Netflix golden gate impact

Per CLAUDE.md §8, the three CPU golden tests (src01_hrc00↔hrc01, checkerboard 1px, checkerboard 10px) measure CPU integer_psnr outputs and never see the CUDA backend. The psnr_cuda extractor extension changes only what provided_features claims and how many dispatches per frame run — CPU output is untouched, so the golden gate is structurally unaffected. Verify post-build by running make test-netflix-golden against the rebuilt tree.
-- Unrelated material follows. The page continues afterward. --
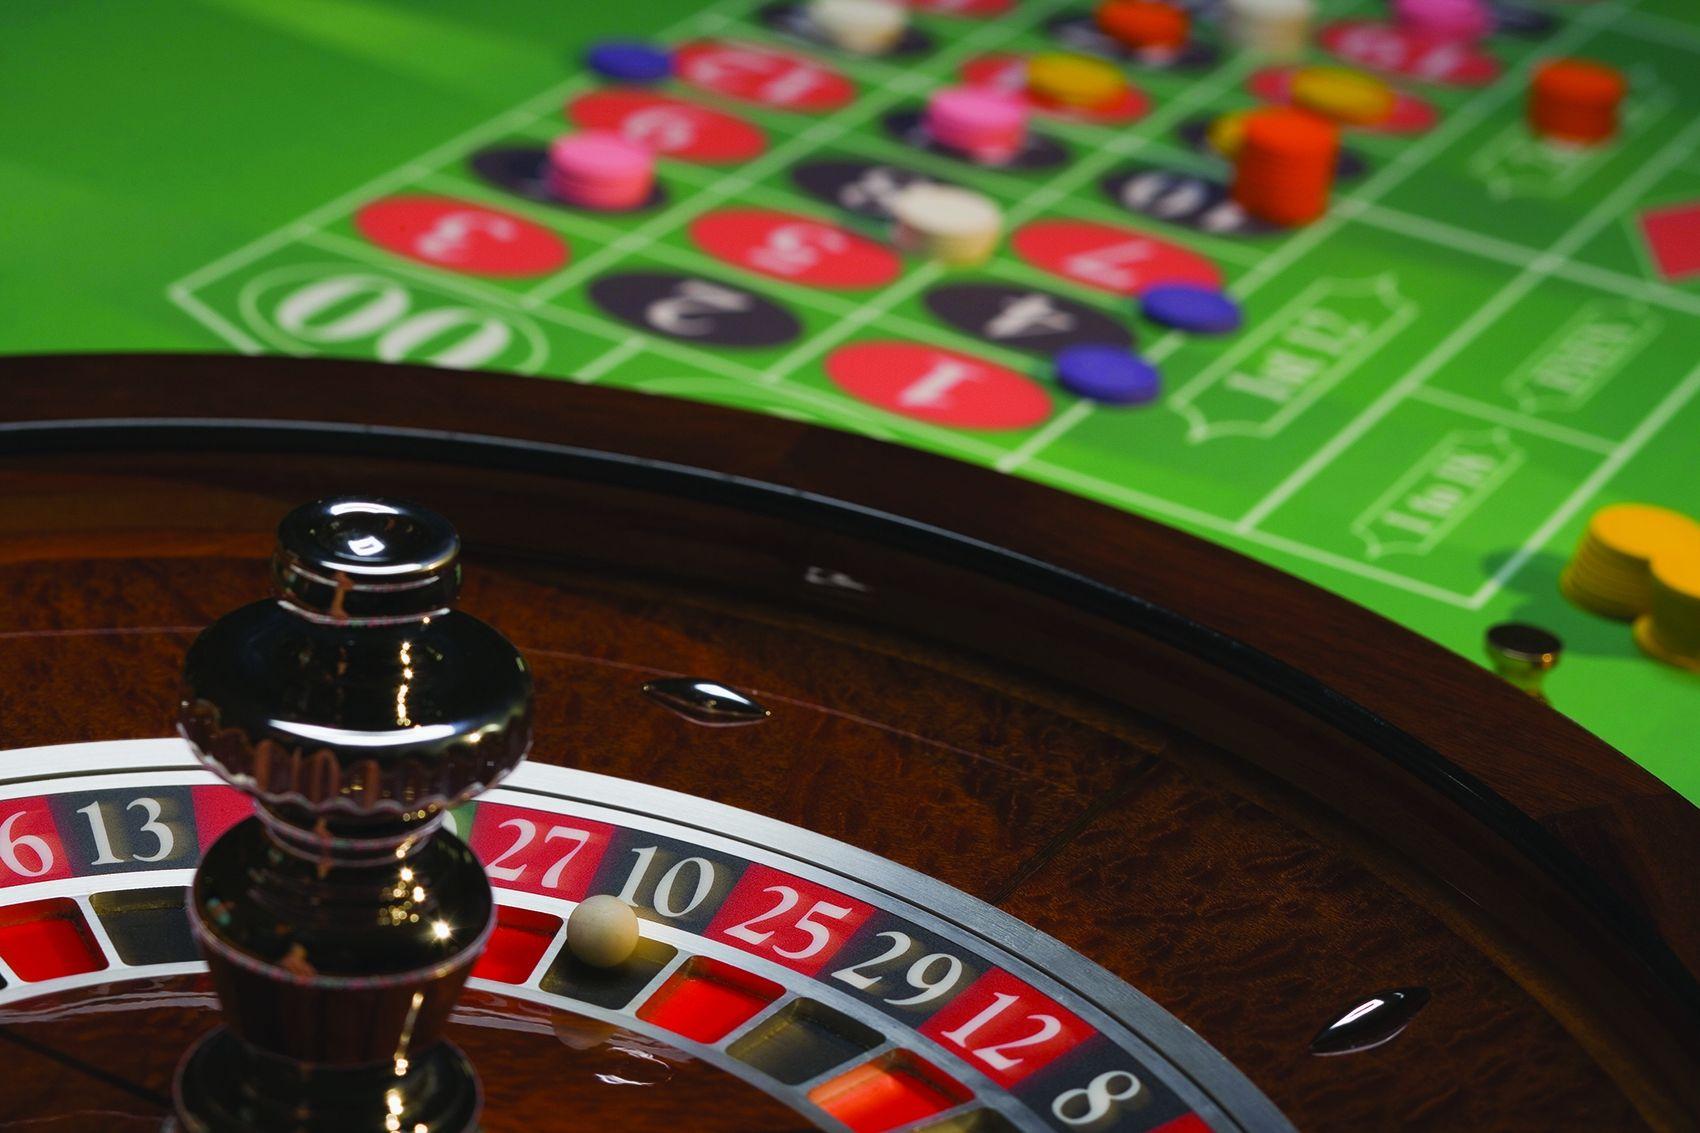 Gambling testimony ameristar archive blog casino comment html

Out of scope for this digest's first port

  • All seven follow-up kernels (#2-#8). Each is a separate PR after #1 lands and proves the pattern.
  • The motion_five_frame_window=true 5-frame mode. ADR-0219 explicitly defers it.
  • HIP backend coverage of any chroma metric (T7-10 audit-first, ADR-0212 — on a separate planning track).
  • Updating metrics-backends-matrix.md with chroma-PSNR cells. The matrix already implies chroma support via the row labels; if a future maintainer wants per-plane tracking, that's a docs-only ADR.

References

  • BACKLOG.md row T3-15 (line 328) — the stale row this digest re-audits.
  • .workingdir2/analysis/metrics-backends-matrix.md — coverage source of truth (correct as of 2026-04-29; the BACKLOG row is what's stale, not the matrix).
  • ADR-0192 — long-tail terminus; frozen per ADR-0028. A ### Status update 2026-05-09: T3-15 first port landed (CUDA PSNR chroma) may append to References when the first port merges, per CLAUDE.md §12 r8 freeze rule.
  • ADR-0210 — Strategy II hybrid for cambi (prerequisite reading for gaps #7-#8).
  • ADR-0214 — places=4 gate.
  • ADR-0216 — Vulkan PSNR chroma; this digest's first-port direct precedent.
  • ADR-0219 — motion3 GPU coverage in 3-frame mode + 5-frame deferral.
  • core/src/feature/cuda/integer_psnr_cuda.c lines 40-237 — the file the first port edits.
  • core/src/feature/vulkan/psnr_vulkan.c lines 1-475 — the chroma-extension template the CUDA port mirrors.
  • core/src/feature/integer_psnr.c — CPU reference; defines the psnr_y / psnr_cb / psnr_cr contract.
  • Per-user-direction (popup-equivalent task description, 2026-05-09): "Phase A: research digest + one proof-of-concept kernel". Implementation of the first port follows this digest's gap #1 ordering.